Attention: we live in an attention and ideas economy, where attention and ideas are scarce. To get people’s attention, don’t create more noise, but attract attention to story ideas and opinions rather than pushing your message. The message here is to people to you rather than getting in their faces.

Respect: it must be earned by brands, teachers and peers. Respect people’s time, headspace, opinions and intellect. Show up to conversations and get involved to earn other’s respect.

Trust: Trevor referenced the Edelman Trust Barometer a global survey of the public’s trust in government, media, businesses and NGOs. You can build trust by being open, transparent and consistent. Be authentic, real, human and share your personality – this engenders trust. Trust is the social currency of today (according to Trev).

The importance of social media

Platforms such as Facebook, Twitter and LinkedIn: share news, stories, give hat tips and participate in the conversation. If you’re on Twitter, tweet around 15 times a day about things that are interesting and add value to the sphere. Leave someone a note if you enjoyed their post on their blog. These things will get you noticed for the right reasons.

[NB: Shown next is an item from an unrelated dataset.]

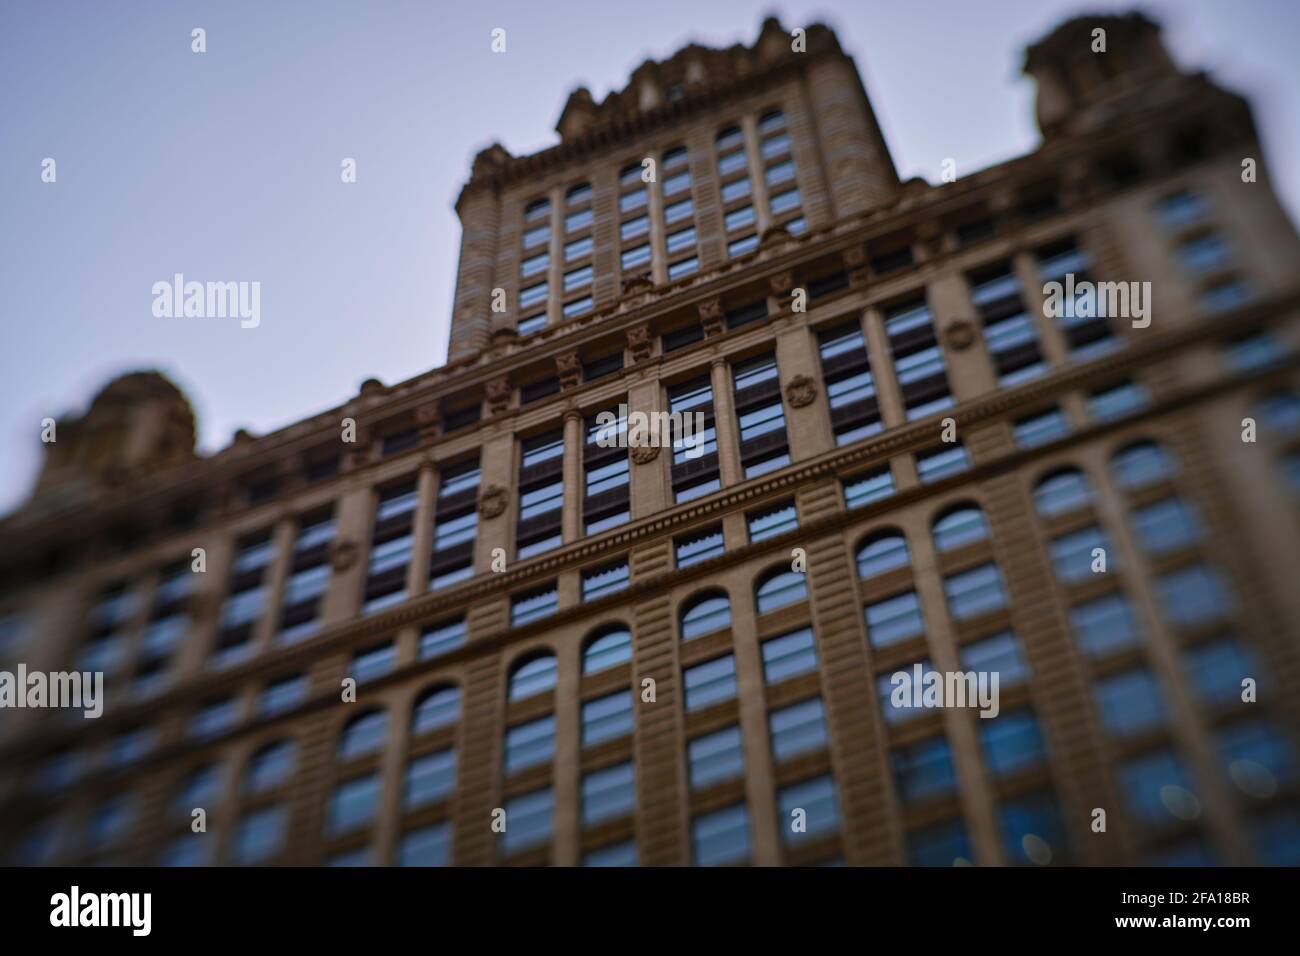 Lensbaby photograph of Chicago architecture Stock Photo

Content is key – create, distribute and share content. Whether you’re blogging, creating video, uploading photos or infographics, get it out there – hold a webinar, share your ebook or white paper.

Face-to-face: meet people, socialise, go to meetups or get involved in tweetups; face-to-face gives a layer of depth to your existing connections on social media. It will help you to build your network quickly. This is what Trevor calls the ‘not so secret sauce’, meeting people is essential to building your brand.

How do you create your personal brand? 5 Tips

Interrogate: what do you want and what do you want to be doing? Once you decide what you want to be known for follow the next steps:

1. Develop your platform and build your audience – beyond your friends, family, peers and colleagues. Choose a robust platform to get noticed on, amplify your stories, share ideas and express your views and opinions. Be your own media channel through a blog, podcast, video, Facebook, Twitter, LinkedIn, you might have your own column. Having a united presence across web and content will create an aggregated audience.

2. Give relentlessly – by this Trevor means to produce good content and plenty of it, and share it. This is why people will notice you and what you’ll be noted for. It isn’t about pushing your brand relentlessly but by providing relevant content to your audience, and interacting around it and with others.

3. LinkedIn – get your profile in order and actively seek recommendations. Complete your profile, add everything relevant to your brand, leaving gaps can make you look suspicious. Give to others (recommendations or endorsements) and they’ll give back. When you have a meeting or phone call, send a LinkedIn request afterwards, make it a habit. Join groups and participate in a few, add value, ask questions.

4. Twitter – every connection as a potential business or social opportunity. People do business with those they know, like and trust, so get more people to know, like and trust you – over time.

5. – you’ll get found here, put all of your social networks there. By having an image of your face on your profile, this allows people to see you and puts your personality into your brand.

Tip: be interesting and be interested, attract attention in the right way.